Nach einer kurzen persönlichen Vorstellung der im Saarland geborenen Juristin, stieg diese engagiert in das Thema TTIP ein. Die Diskussion über das geplante Freihandelsabkommen zwischen den USA und der Europäischen Union genannt TTIP (Transatlantic Trade and Investment Partnership), ist seit der Europa- und Bundestagswahl durch die aktuellere Flüchtlingssituation etwas in den Hintergrund der öffentlichen Wahrnehmung getreten, so die Referentin. Dies wird von den interessierten Kreisen sicherlich nicht ungern gesehen. In den sozialen Medien wird dieses Thema aber immer noch sehr heiß und kontrovers diskutiert. Auch innerhalb der SPD gibt es noch keine einheitliche Linie. Während die Bundes SPD TTIP positiv gegenüberstehen, herrscht bei den nachgeordneten Ebenen, wie den Landesverbänden oder den Unterbezirken noch erhebliche Skepsis, bzw. teils strikte Ablehnung. Großer Knackpunkt ist u. a. der geplante Investorenschutz. Dieser würde auch Klagen gegen die gesetzgebenden Parlamente zulassen, wenn geplante oder verabschiedete Gesetze nach Einschätzung der Investoren, sprich der Konzerne, die erhofften Gewinne gefährden könnten. Große Ablehnung herrscht auch gegen die beabsichtigten Schiedsgerichte, die außerhalb der staatlichen Rechtsprechung, bei Streitigkeiten zuständig wären. Dass diese zudem mit Vertreter der Industrie besetzt werden könnten, macht eine allgemeine Akzeptanz nicht leichter. Einer breiten Akzeptanz steht auch die mangelnde Transparenz bei den Verhandlungen zwischen USA und der EU entgegen. Selbst gewählte Parlamentarier haben nur eine sehr eingeschränkte Einsicht über den Stand der Gespräche. Zudem wird immer wieder versucht, kritische Stimmen zum Schweigen zu bringen. Daher ist es, nicht nur aus Sicht des Juristischen Dienstes des Bundestages legitim, dass sich auch kommunale Gremien, wie die Kreistage oder Stadt- und Gemeinderäte mit TTIP befassen, um entsprechende Forderungen an die Verhandlungspartner zu stellen. Letztlich ist zu befürchten, dass TTIP auch erheblich in die örtliche Daseinsvorsorge, wie Strom- und Wasserversorgung eingreifen könnte.

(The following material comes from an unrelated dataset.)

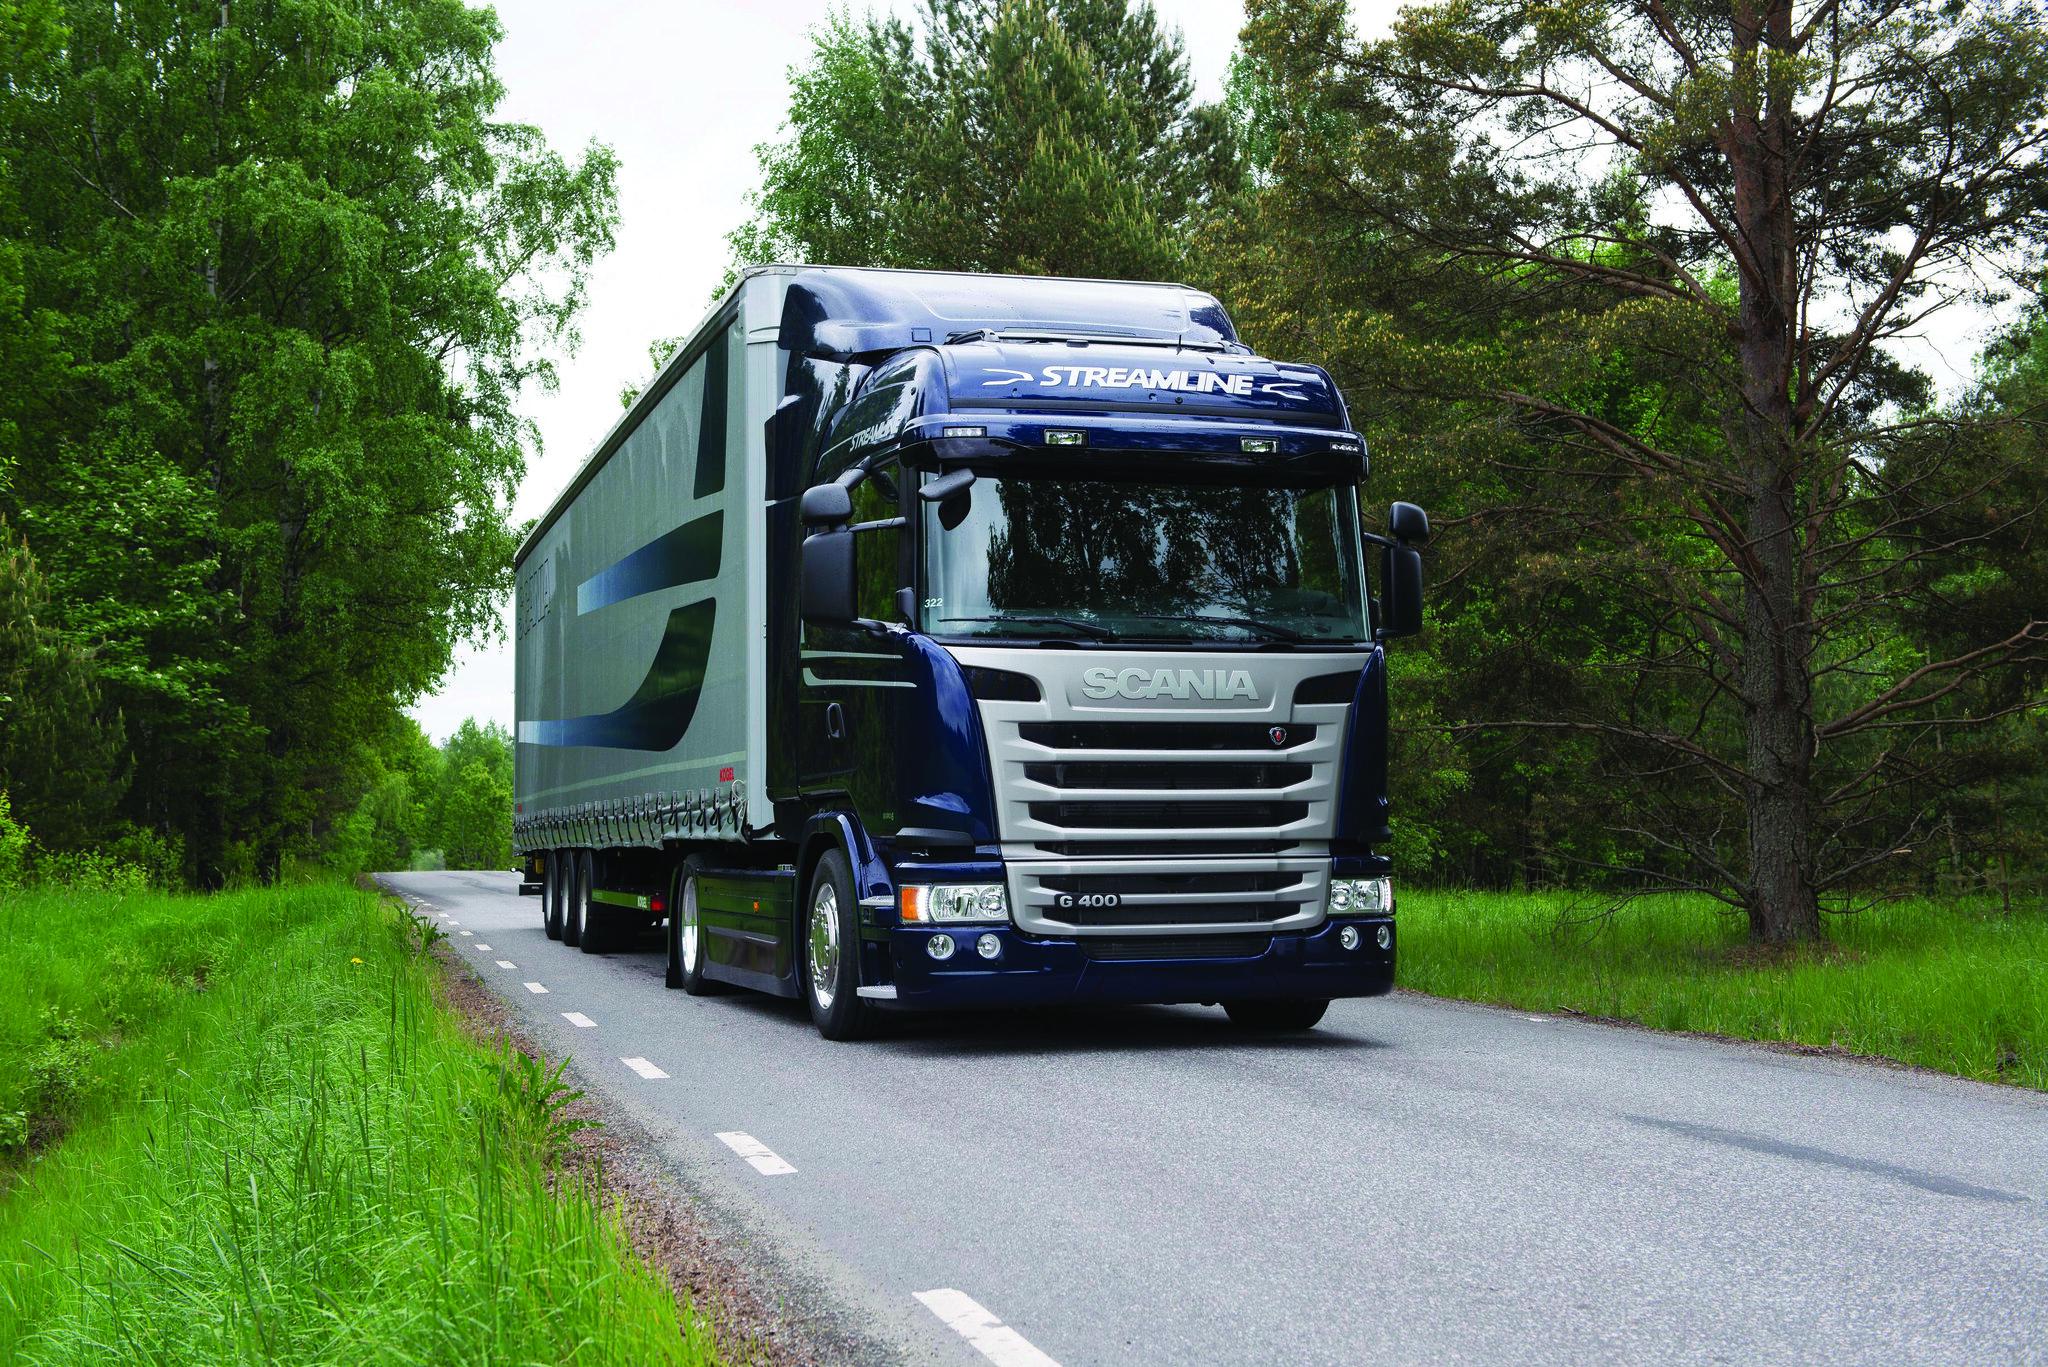 Почему грузовые автомобили способны проехать миллионы километров, а легковые – нет? Объясняют эксперты

Auch unsere traditionell gewachsene Kulturlandschaft wird von TTIP nicht verschont bleiben. Beispielhaft wurden hier die Buchpreisbindung oder die öffentlichen Theatersubventionen genannt. Unter das Thema Kultur fällt schließlich auch der Weihnachtsmarkt. Mit diesem Hinweis schloss Stephanie Schäfer ihre Ausführungen.
In der anschließenden angeregten und engagierten Diskussion kristallisierte sich eine sehr starke Ablehnung gegen dieses Freihandelsabkommen heraus. Die zu befürchtenden Einschränkungen in die persönliche Freiheit, wiegen die zu erwartenden Vorteile einiger Weniger bei Weitem nicht auf. Zudem wird eine weitere „Amerikanisierung“ unserer gewachsenen Kultur befürchtet. Die Versammlung war der Meinung, dass angesichts des momentanen, desaströsen Zustandes der EU die Europäer zuerst einmal das eigene Haus in Ordnung bringen sollten, bevor man solch weitreichende Verträge wie TTIP eingeht. Vorrangig ist dabei ein europaweites, einheitliches Steuersystem und eine uneingeschränkte Solidarität unter den Mitgliedsländern. Davon sind wir, angesichts der derzeitigen Flüchtlingssituation, aber noch sehr weit entfernt. So lange diese internen Probleme in Europa nicht geregelt sind, hat auch TTIP keine Chanse.